A ball with a mass of #1 kg # and velocity of #7 m/s# collides with a second ball with a mass of #6 kg# and velocity of #- 4 m/s#. If #40%# of the kinetic energy is lost, what are the final velocities of the balls?

1 Answer
Feb 21, 2018

#v_1 = -4.62 m/s and v_2 = -2.06 m/s#

Explanation:

KE initial= #1/2m_1*u_1^2+1/2m_2*u_2^2#
KE initial= #1/2(1kg)(7m/s)^2+1/2(6kg)(-4m/s)^2#
KE initial= 72.5 J

If 60% KE is conserved then 72.5*.6= 43.5 J is KE final

Another consideration: momentum, p, must be conserved.

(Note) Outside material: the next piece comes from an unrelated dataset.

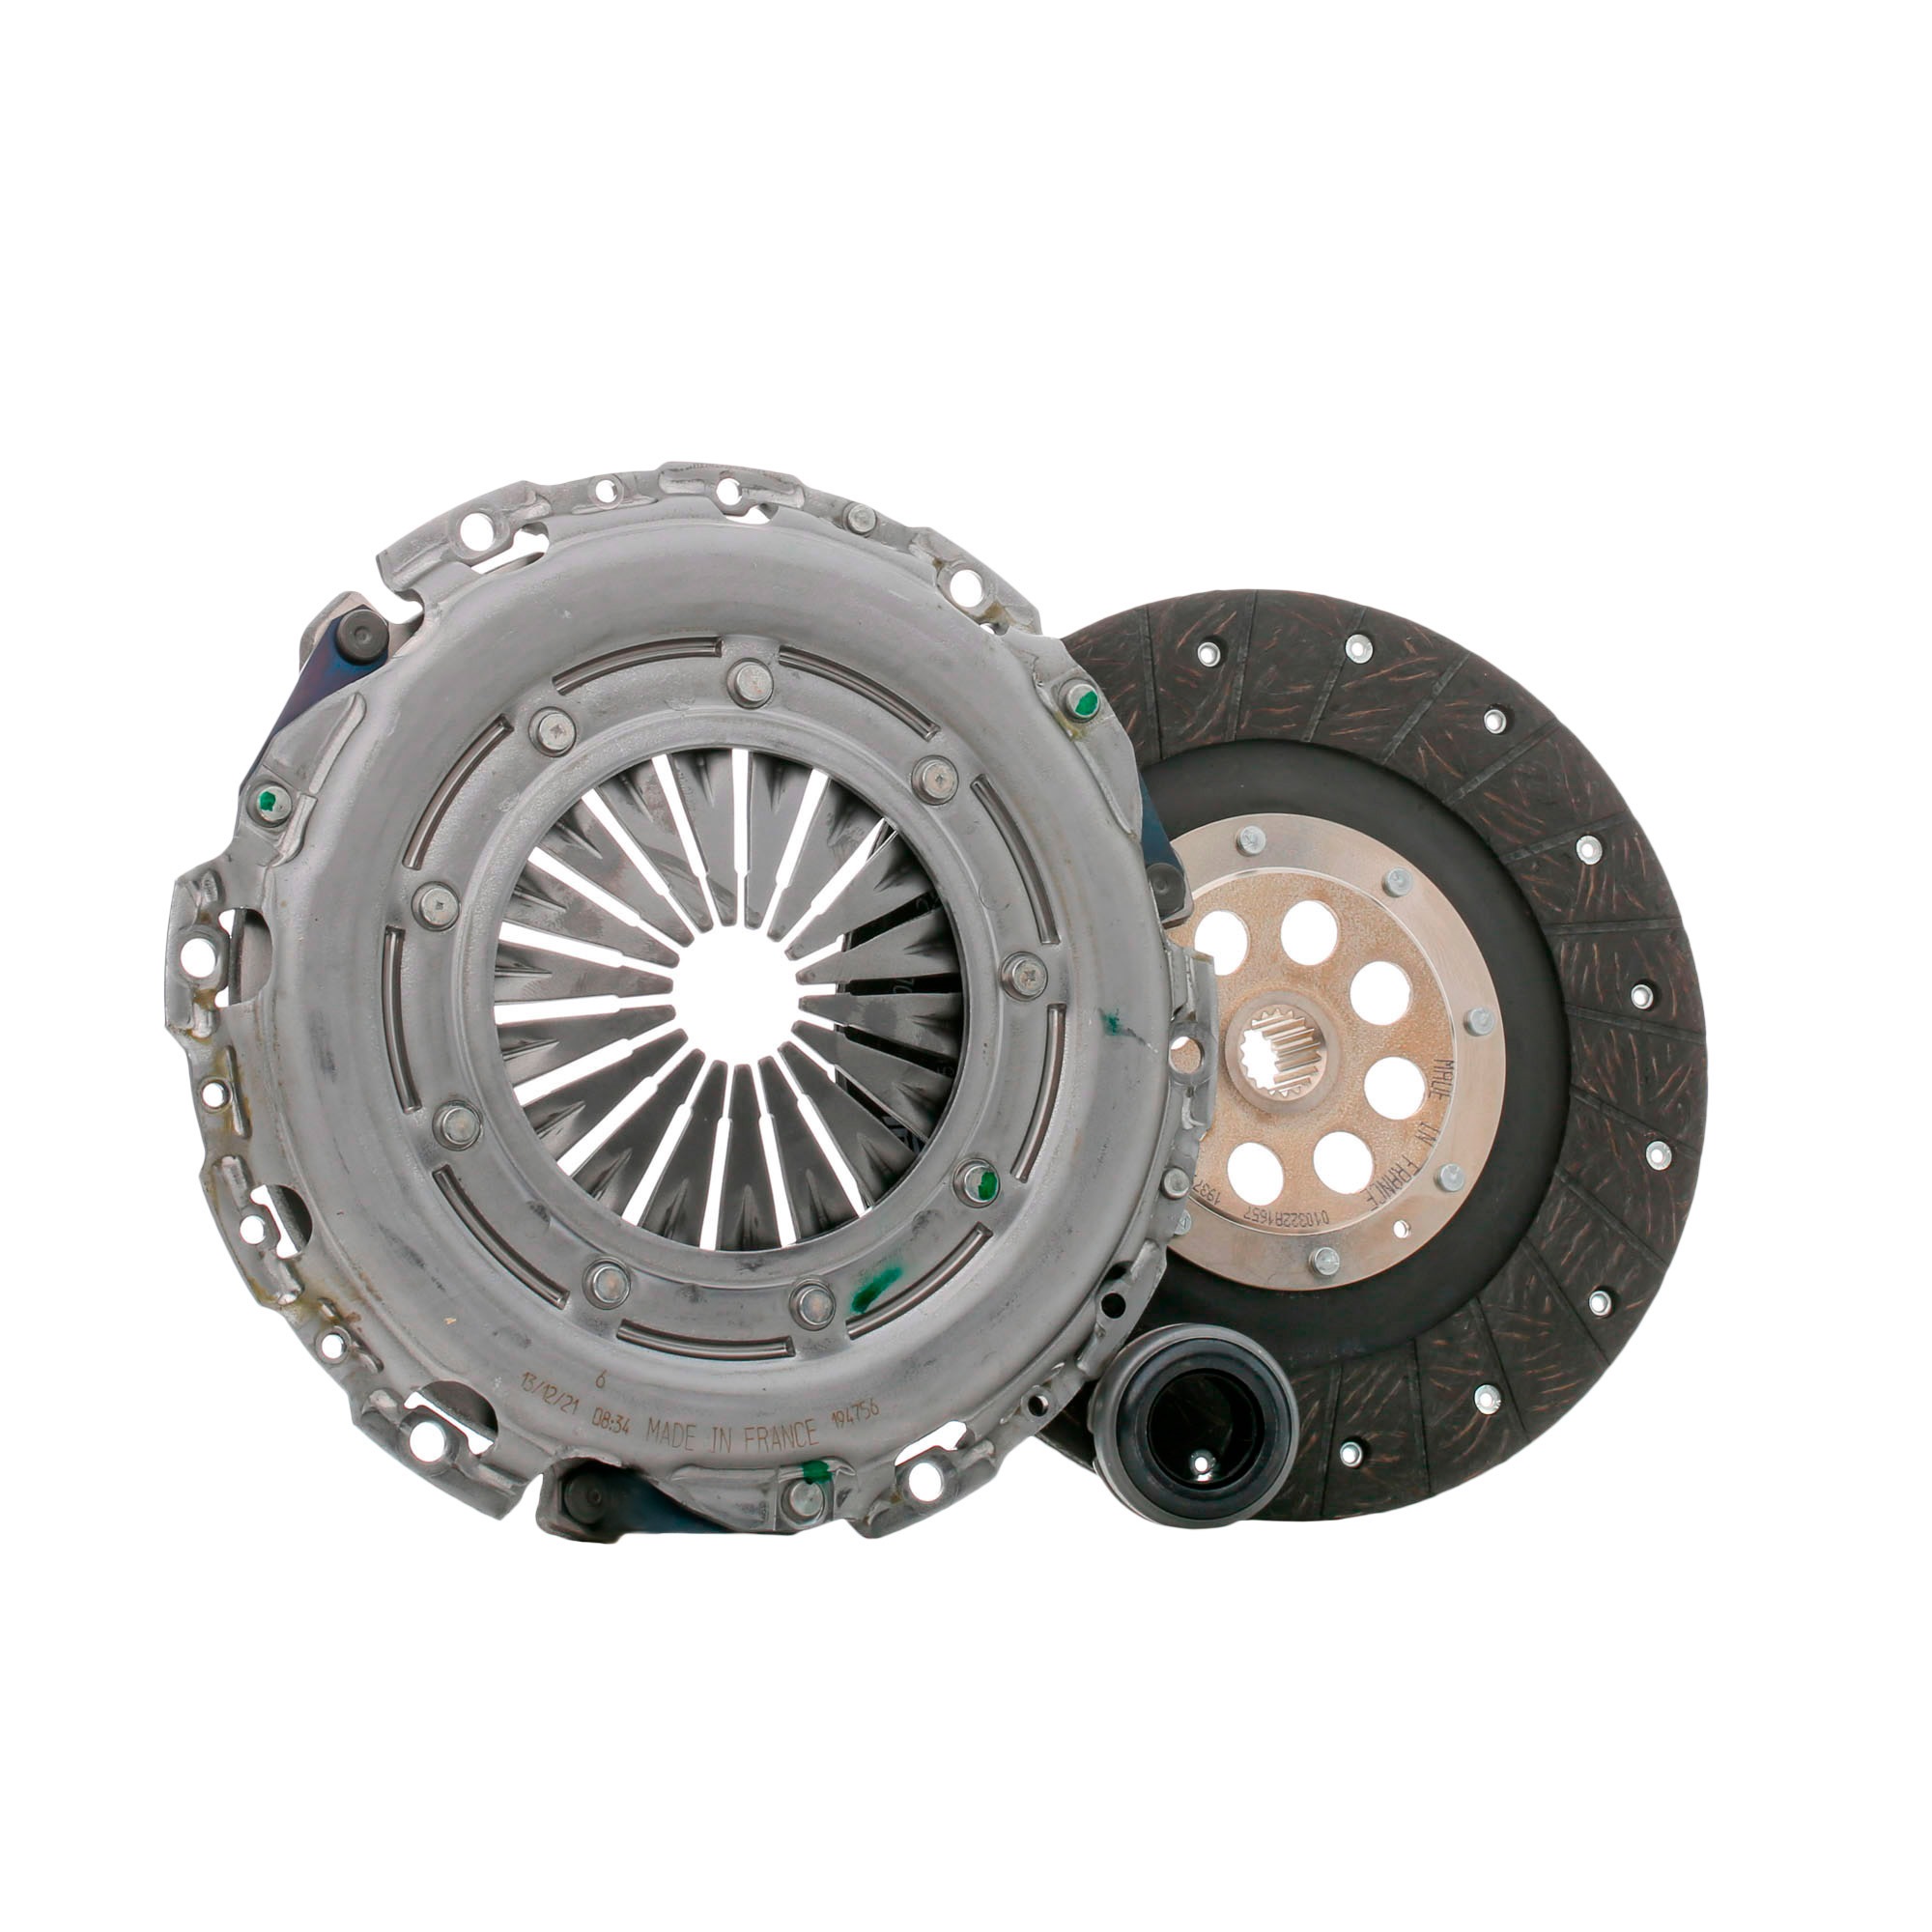 VALEO Clutch replacement kit Peugeot 407 SW new 826550
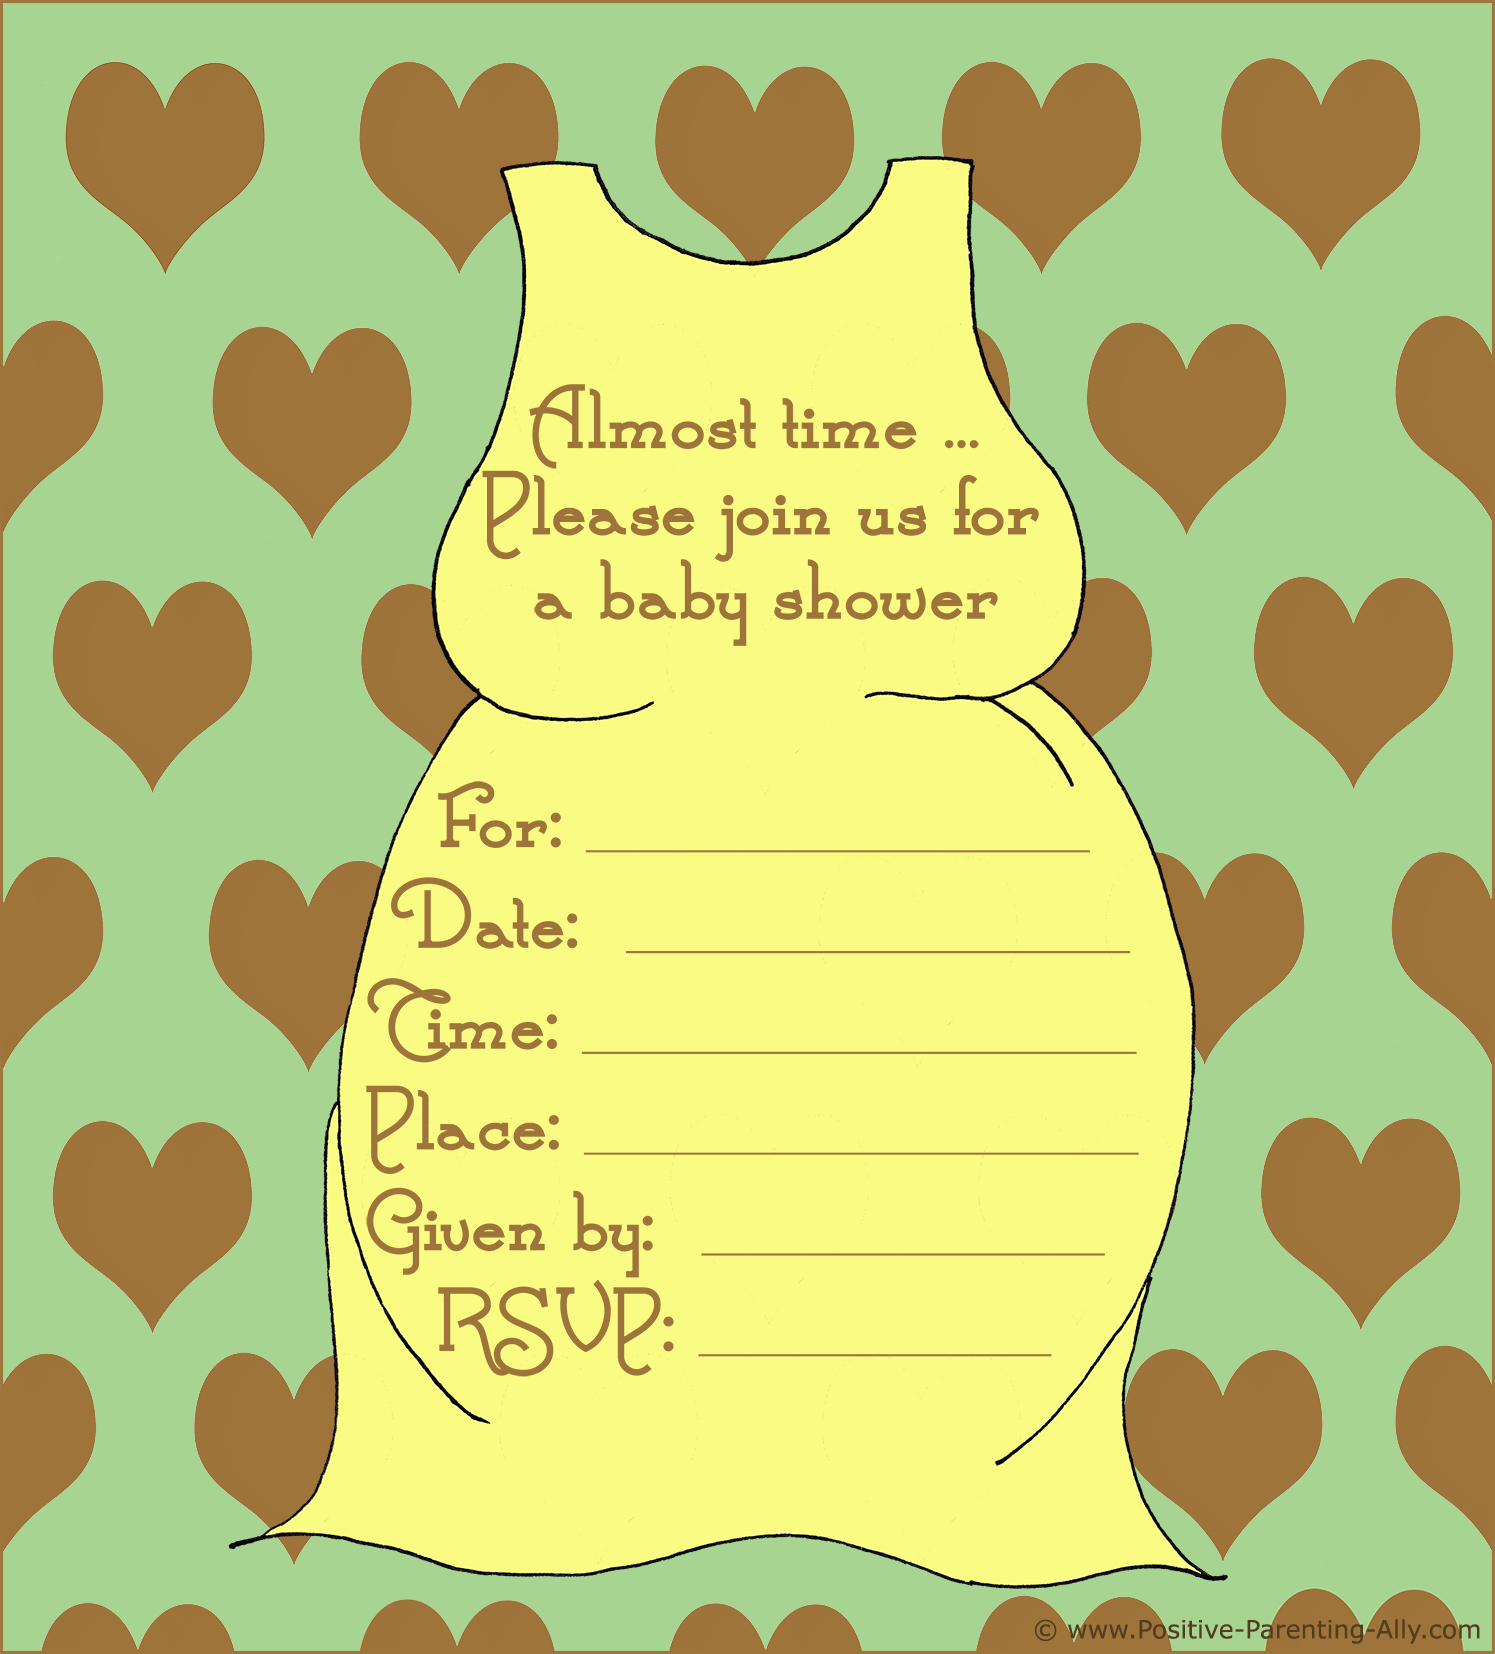 Free Printable Baby Shower Invitations In High Quality Resolution - Free Printable Blank Baby Shower Invitations

Momentum before = momentum after

#p = m_1*u_1 + m_2*u_2 = m_1*v_1 + m_2*v_2#

#(1kg)(7m/s)+(6kg)(-4m/s) = 1 kg*v_1 + 6 kg*v_2#

#7 (kg*m)/s - 24 (kg*m)/s = 1 kg*v_1 + 6 kg*v_2#

#-17 (kg*m)/s = 1 kg*v_1 + 6 kg*v_2#

Solving for #v_1#,

#v_1 = (-17 (kg*m)/s - 6 kg*v_2)/(1 kg) = -17 m/s - 6*v_2#

Going back to the kinetic energy

#1/2m_1v_1^2+1/2m_2v_2^2= # KE final which, from above, is 43.5 J.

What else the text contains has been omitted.